Filtering allows you to alter the data before delivering it to its destination. You can use a number of readily available filters or use lua scripting to custom modify. You can use available filters to add kubernetes meta data etc. Below example uses custom lua scripting. List of available filters can be found here https://docs.fluentbit.io/manual/pipeline/filters

[FILTER]
        Name lua
        Match argoaudit
        script /fluent-bit/scripts/filter_example.lua
        call filter

filter_example.lua:
function filter(tag, timestamp, record)
        record["RawData"] = record["message"]["msg"]
        record["Application"] = "LogGenerator"
        record["Time"] = record["message"]["time"]
        record["msg"] = record["message"]["msg"]
        record["level"] = record["message"]["level"]
        record["entity"] = record["message"]["span.kind"]
        record["system"] = record["message"]["system"]
        record["operation"] = record["message"]["grpc.method"]
        record["claims"] = record["message"]["grpc.request.claims"]
        if record["message"]["grpc.request.content"] and record["message"]["grpc.request.content"]["name"] then
            record["app"] = record["message"]["grpc.request.content"]["name"]
        end
        record["access_time"] = record["message"]["grpc.start_time"]
        return 1, timestamp, record
end

BUFFER

When Fluent Bit processes data, it uses the system memory (heap) as a primary and temporary place to store the record logs before they get delivered, in this private memory area the records are processed.
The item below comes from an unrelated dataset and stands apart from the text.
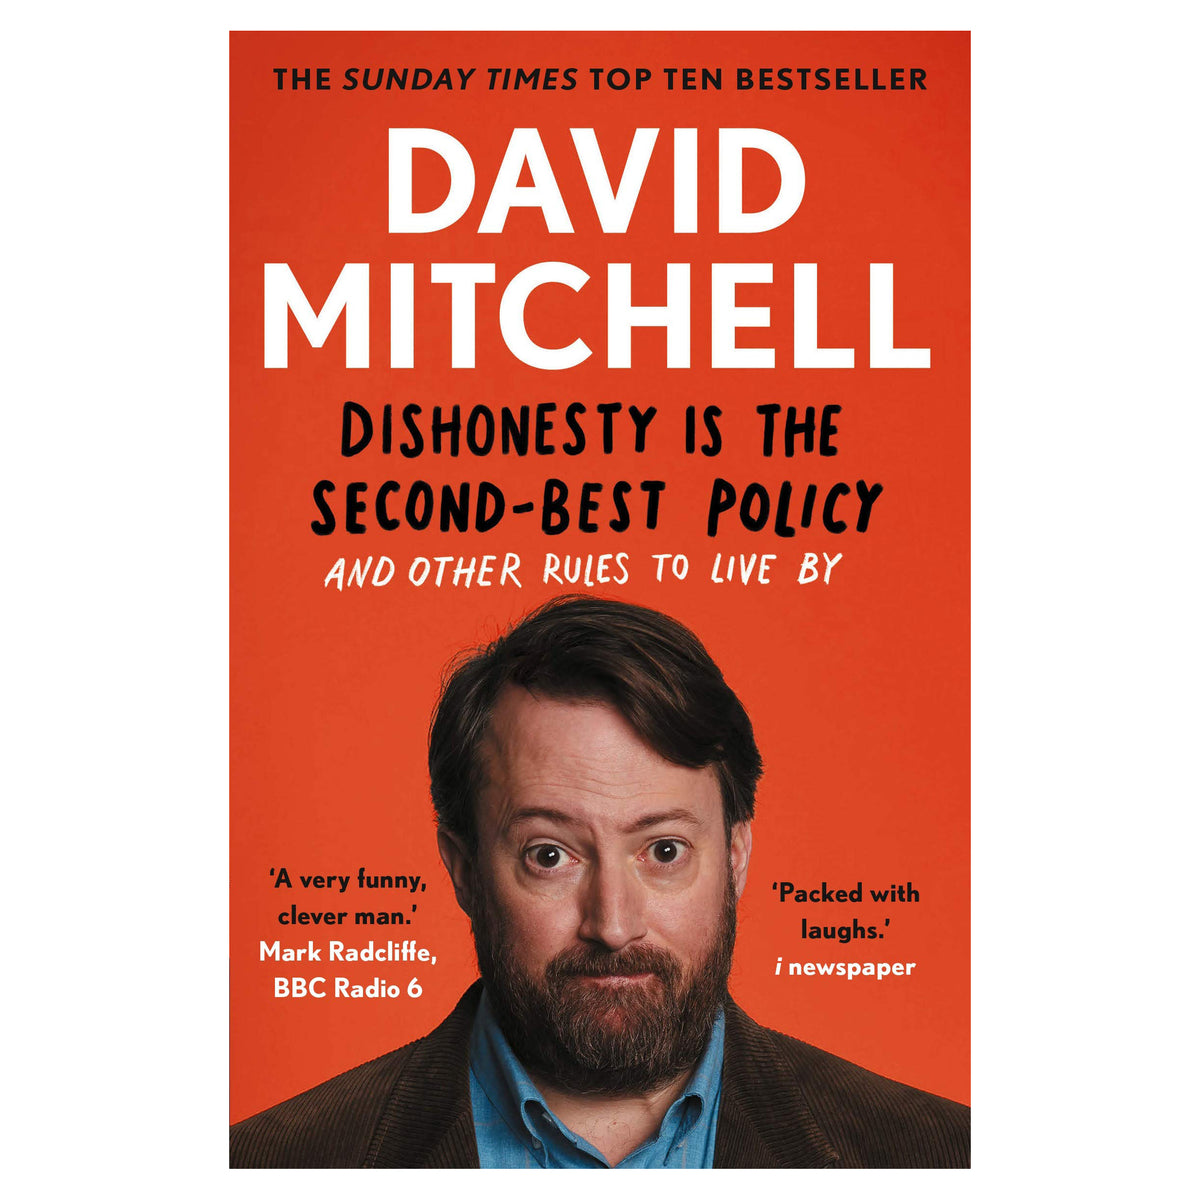 David Mitchell Dishonesty is the Second-Best Policy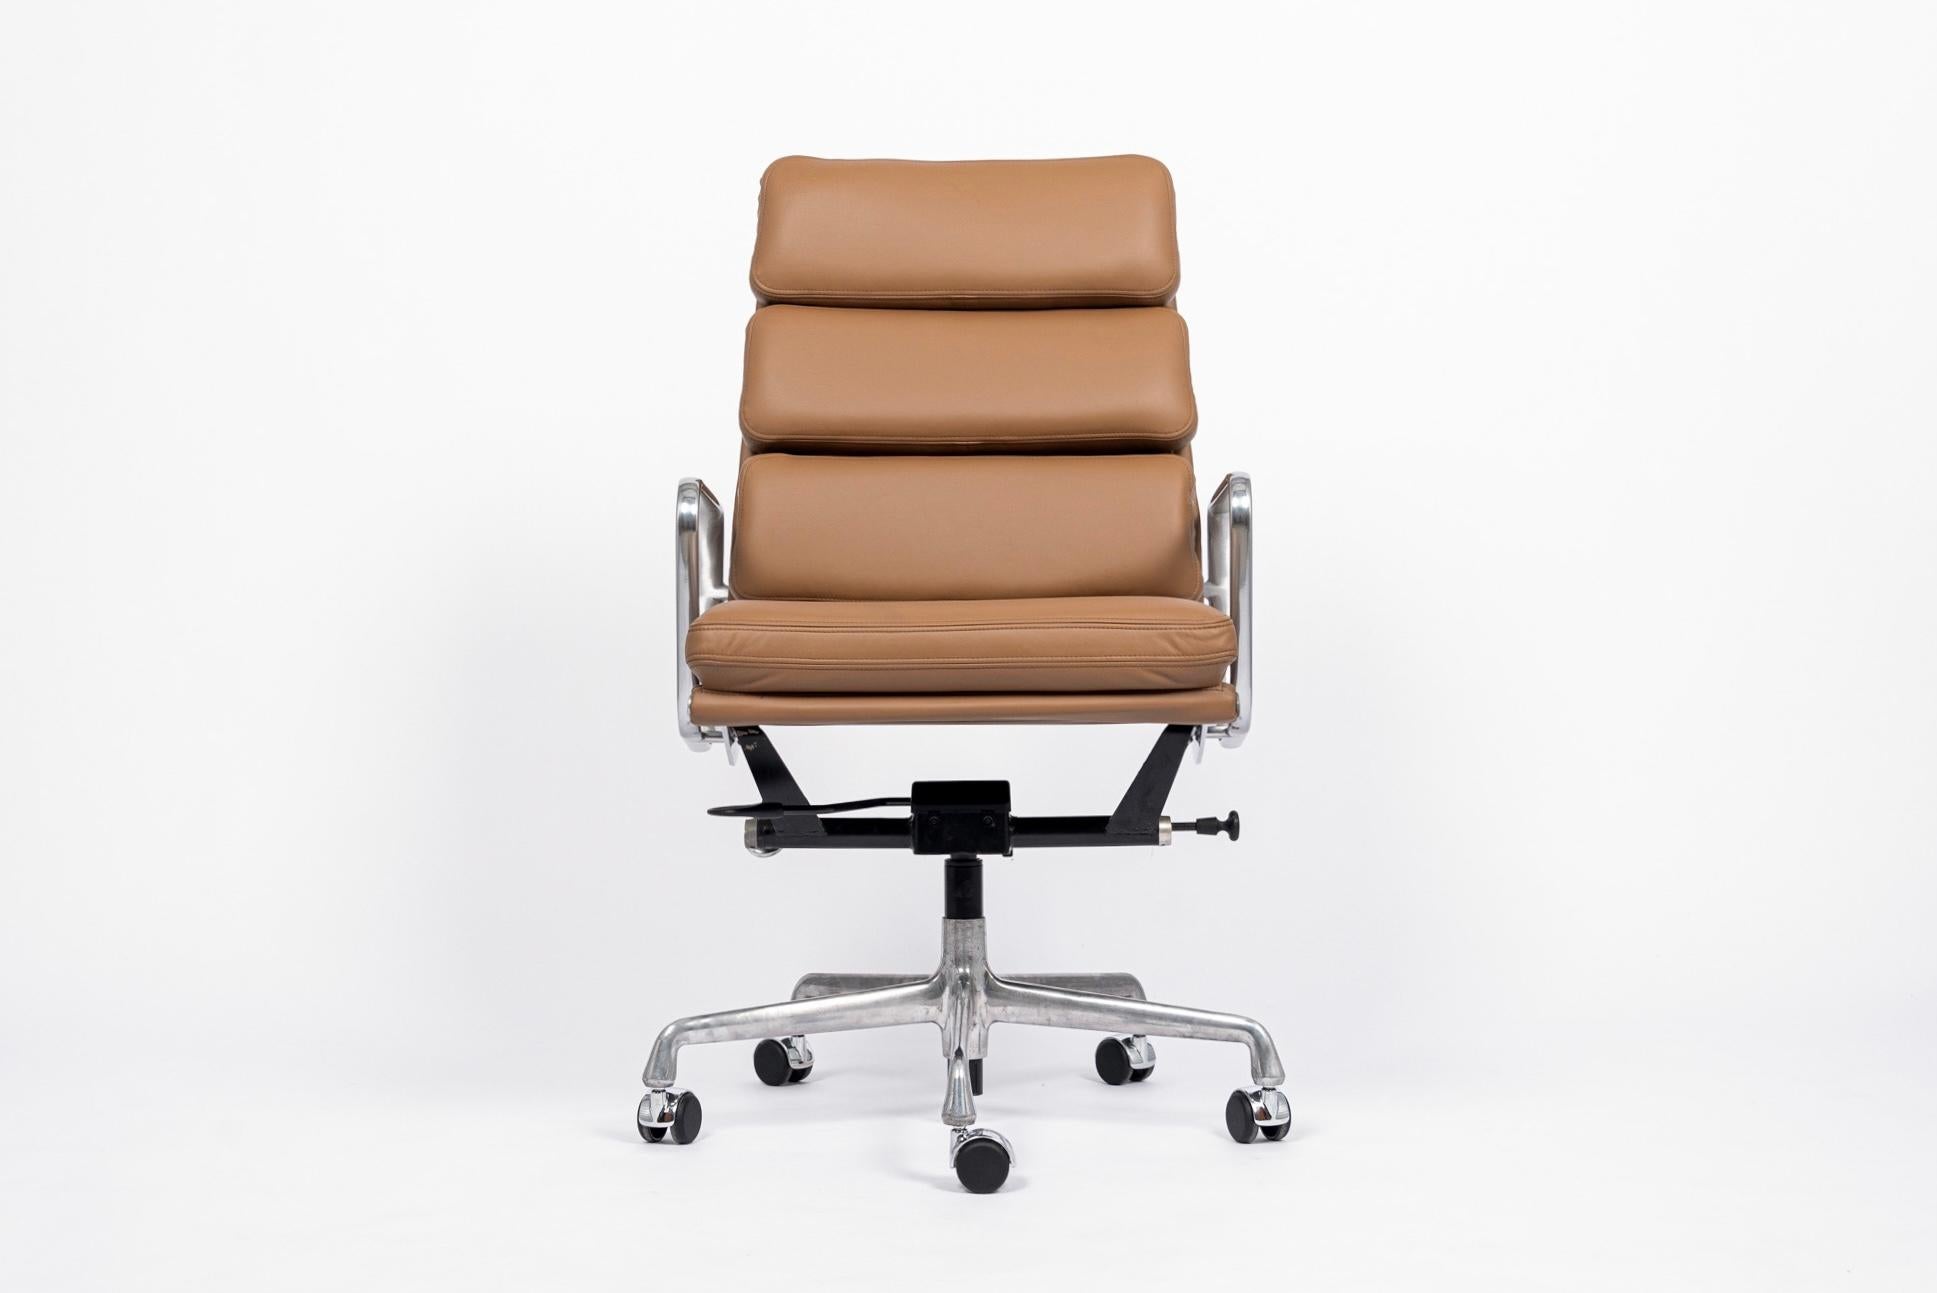 This authentic Eames for Herman Miller Soft Pad Executive Height office chair from the Aluminum Group Collection was manufactured in the 2000s. This classic mid century modern office chair was first introduced in 1969 by Charles and Ray Eames as the

Buffering refers to the ability to store the records somewhere, and while they are processed and delivered, still be able to store more. Buffering in memory is the fastest mechanism, but there are certain scenarios where it requires special strategies to deal with backpressure, data safety or reduce memory consumption by the service in constrained environments.

Fluent Bit as buffering strategies go, offers a primary buffering mechanism in memory and an optional secondary one using the file system. With this hybrid solution you can accommodate any use case safely and keep a high performance while processing your data. More reading here https://docs.fluentbit.io/manual/administration/buffering-and-storagea

ROUTING

There are two important concepts in Routing:

  • Tag
  • Match

When the data is generated by the input plugins, it comes with a Tag (most of the time the Tag is configured manually), the Tag is a human-readable indicator that helps to identify the data source.

In order to define where the data should be routed, a Match rule must be specified in the output configuration.

## OUTPUT

The output interface allows us to define the destination for the data. You can define multiple outputs for a given input. You must match the output to the tag of the input in order to link the output to the input. There are many output connectors available out of the box. You can find the list of outputs here https://docs.fluentbit.io/manual/pipeline/outputs

Below example sends the data for above input to 2 outputs - Blob storage and Elastic.

[OUTPUT]
        Name  azure_blob
        Match argoaudit
        account_name devauditstorageac
        shared_key ***
        path argocd
        container_name logs
        auto_create_container on
        tls on
[OUTPUT]
        Name es
        Match argoaudit
        Host audit-log.es.us-central1.gcp.cloud.es.io
        HTTP_User ***
        HTTP_Passwd ***
        Port 9243
        Logstash_Format On
        Logstash_Prefix dev-argocd
        Suppress_Type_Name On
        tls On

TIPS FOR DEBUGGING

The most common issue you will face is the data format while sending to destination and you might end up spending some time on filtering the data. To debug this, you can have the below output enabled which will print the output to the fluent-bit stdout.

[OUTPUT]
        Name  stdout
        Match argoaudit